All of the data should be repeated exactly; pictures are not part of the copy.

* _Supplied information_
BEGIN

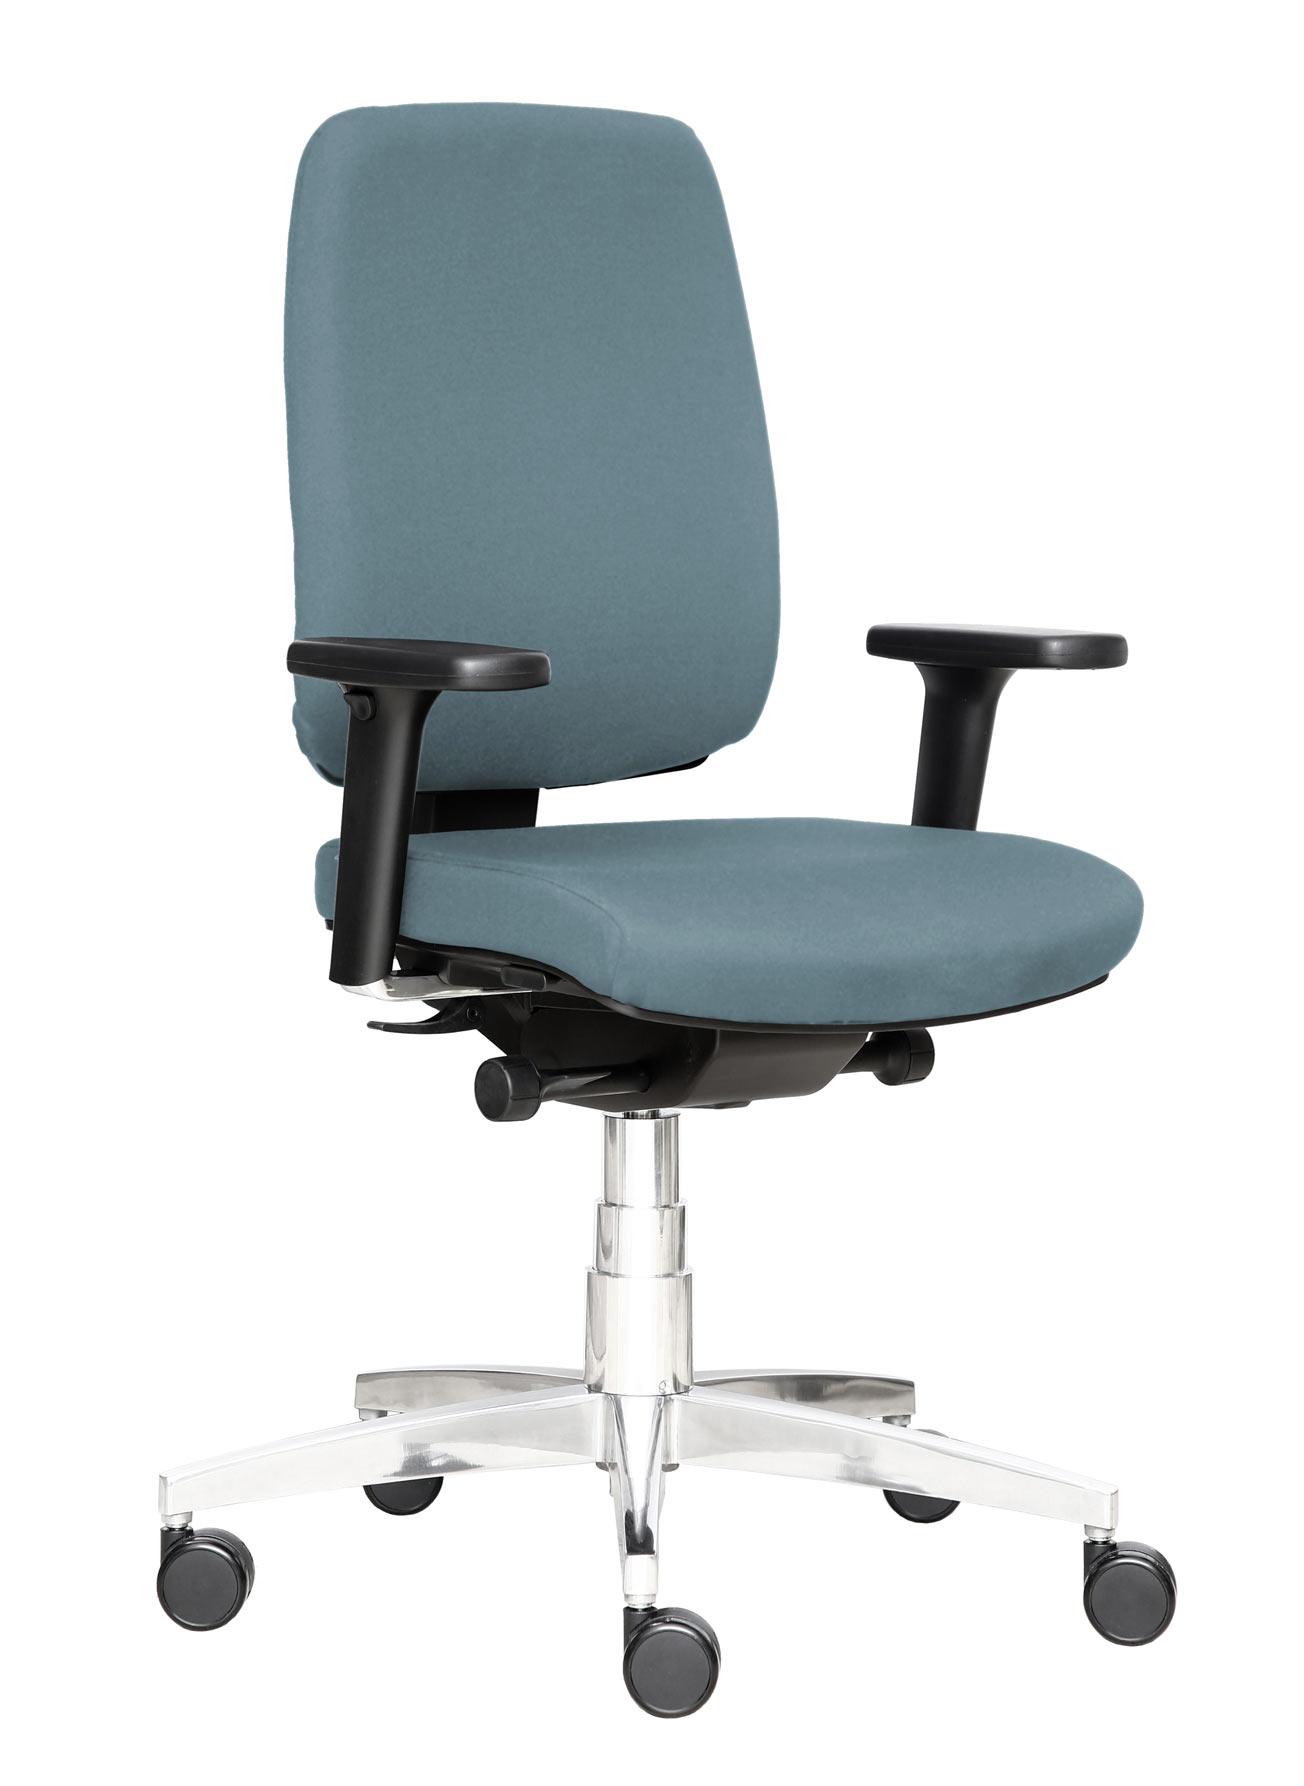 Sedia Da Ufficio Con Ruote.Bb129 Sedia Da Ufficio
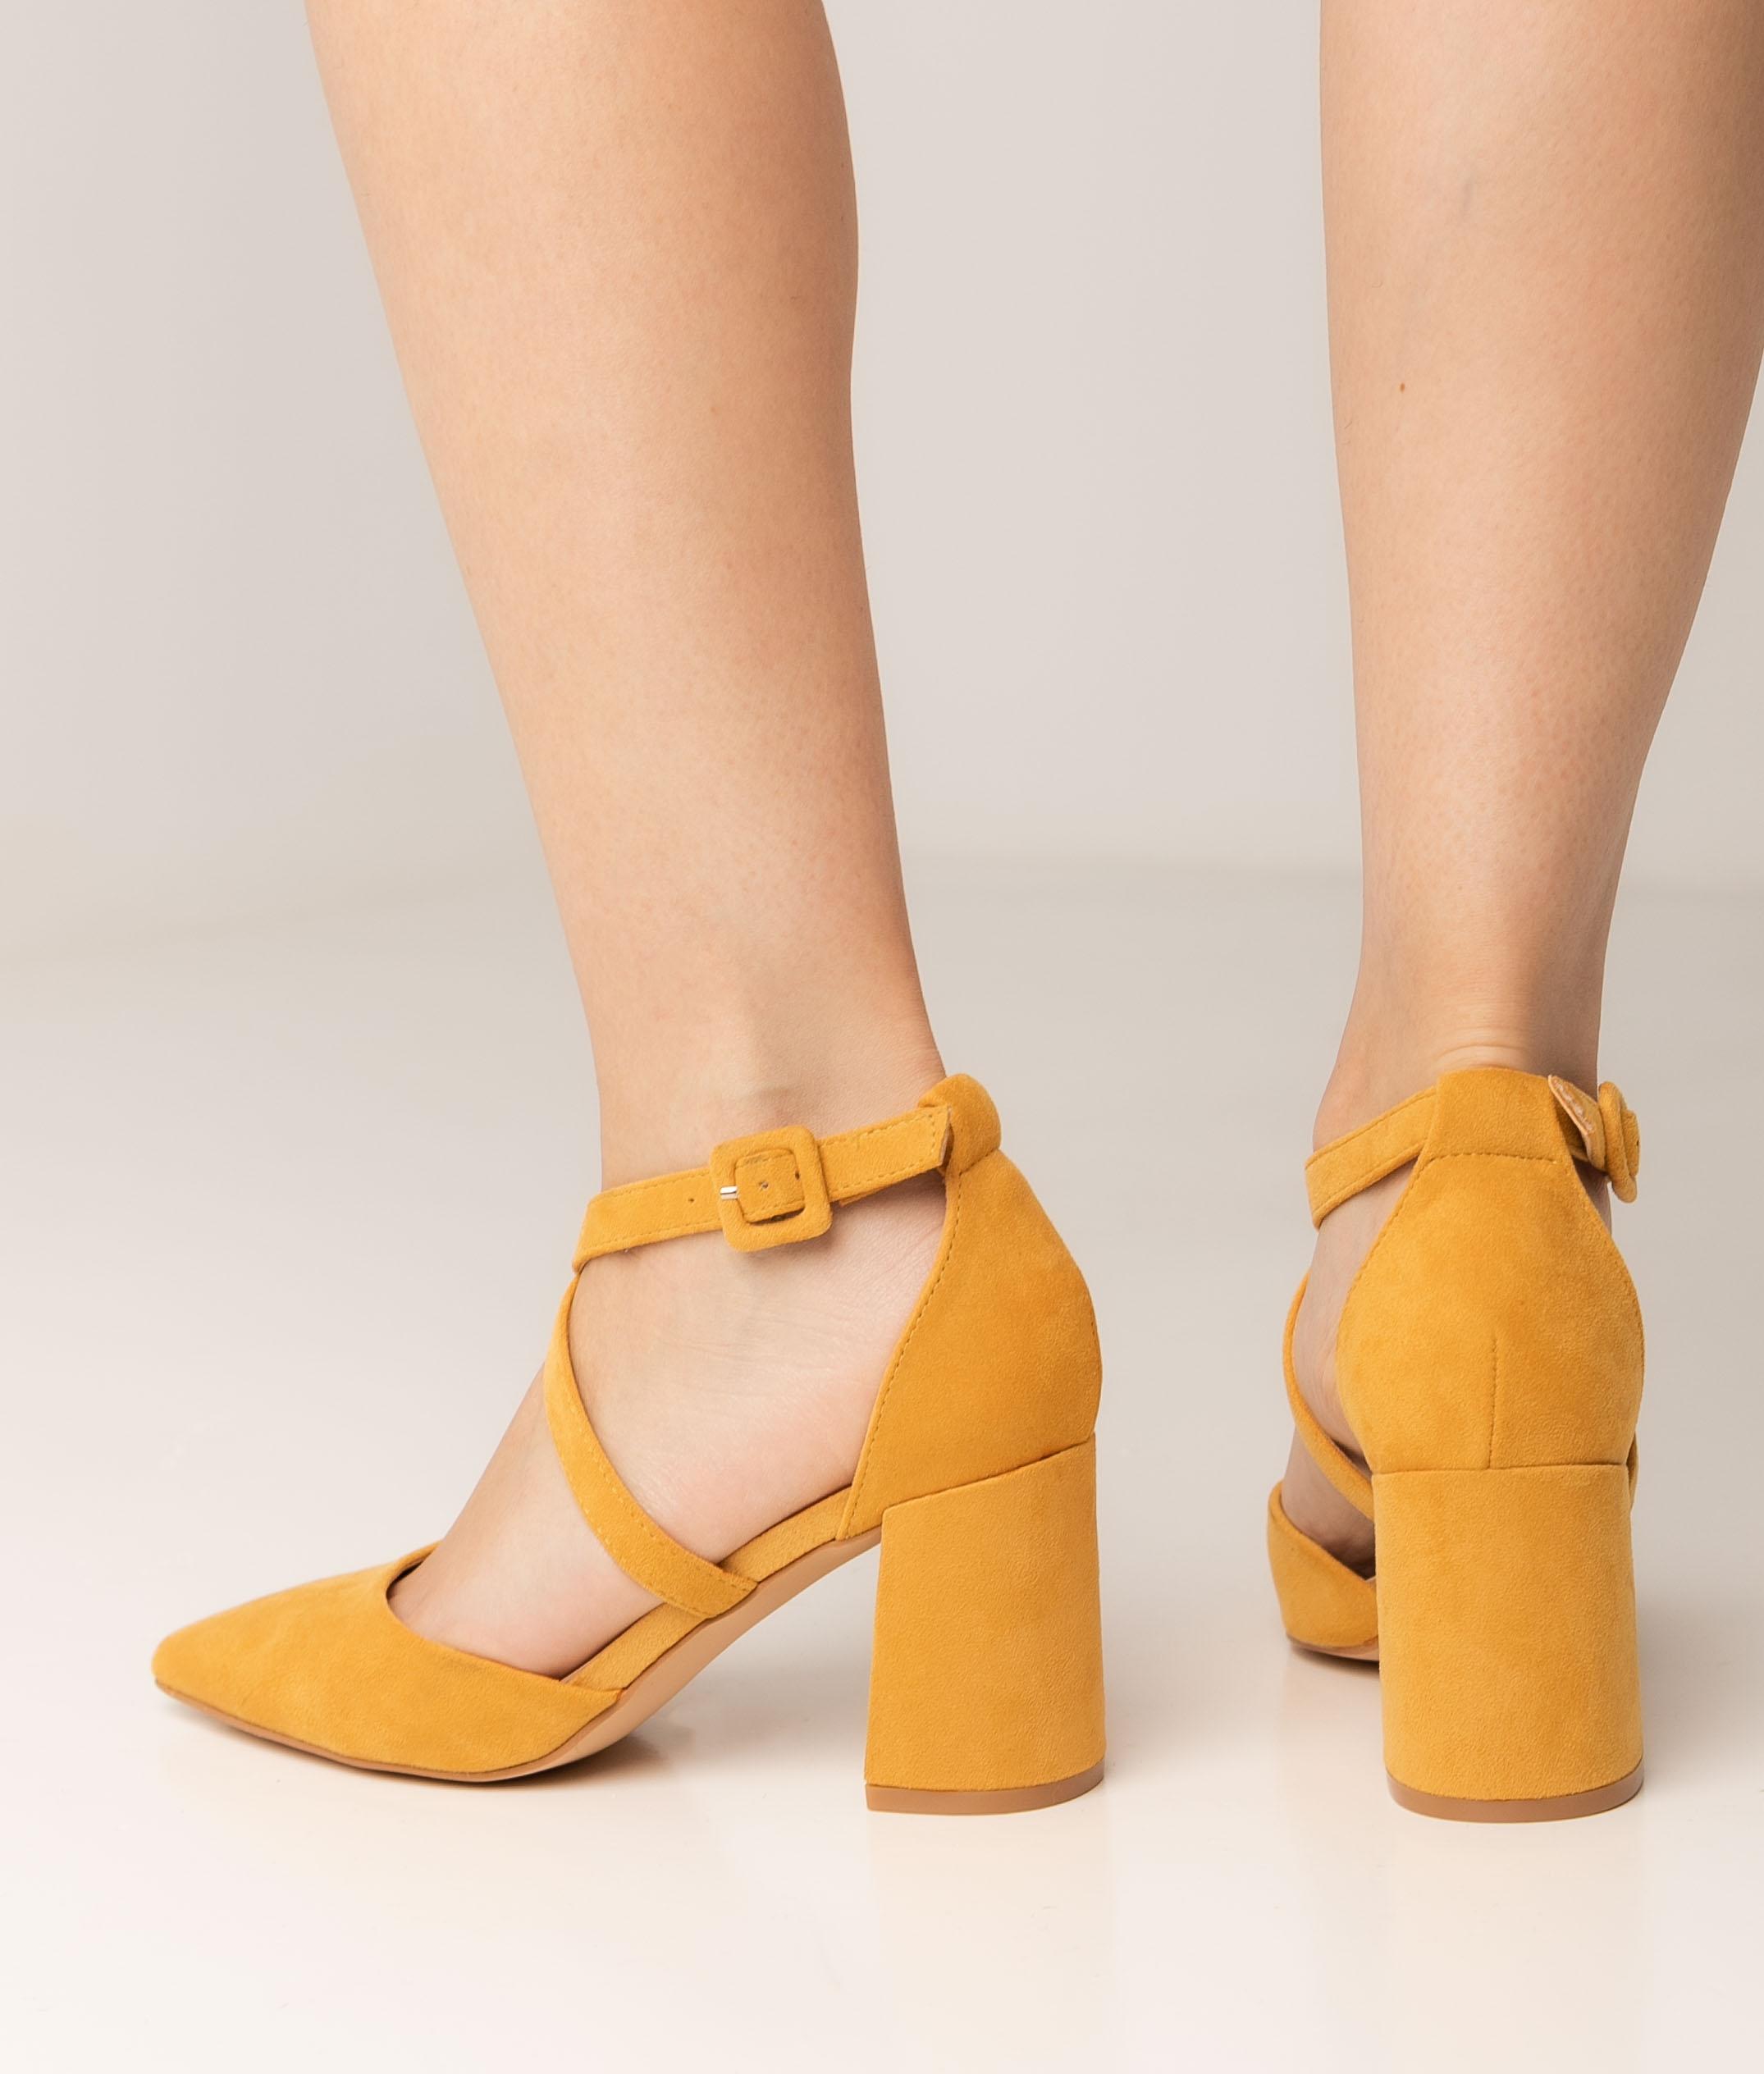 Zapato de Tacón Pletia - Amarillo
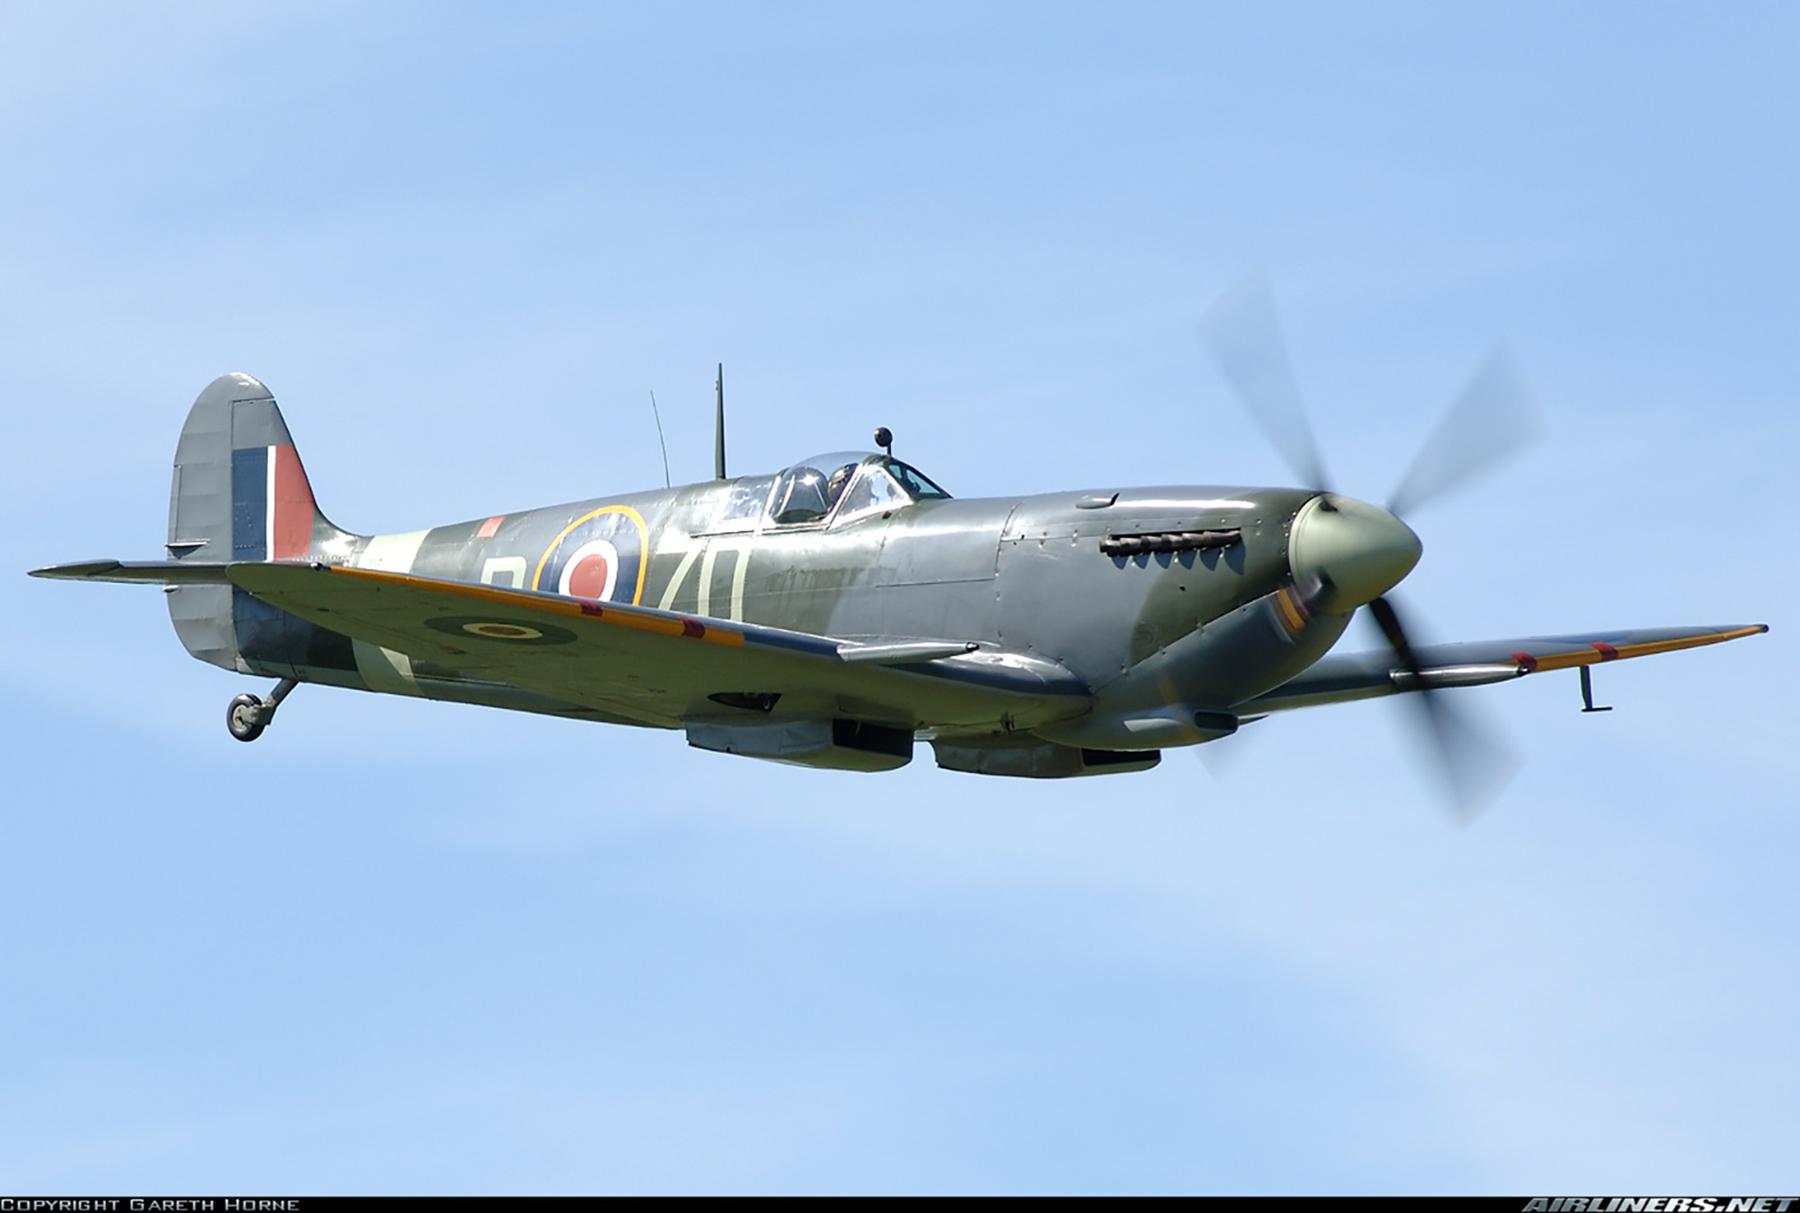 Airworthy Spitfire warbird RAF 222Sqn ZDB MH434 England 01

END

* _Solution to the exercise_
 Sedia Da Ufficio Con Ruote.Bb129 Sedia Da Ufficio
 Zapato de Tacón Pletia - Amarillo
 Airworthy Spitfire warbird RAF 222Sqn ZDB MH434 England 01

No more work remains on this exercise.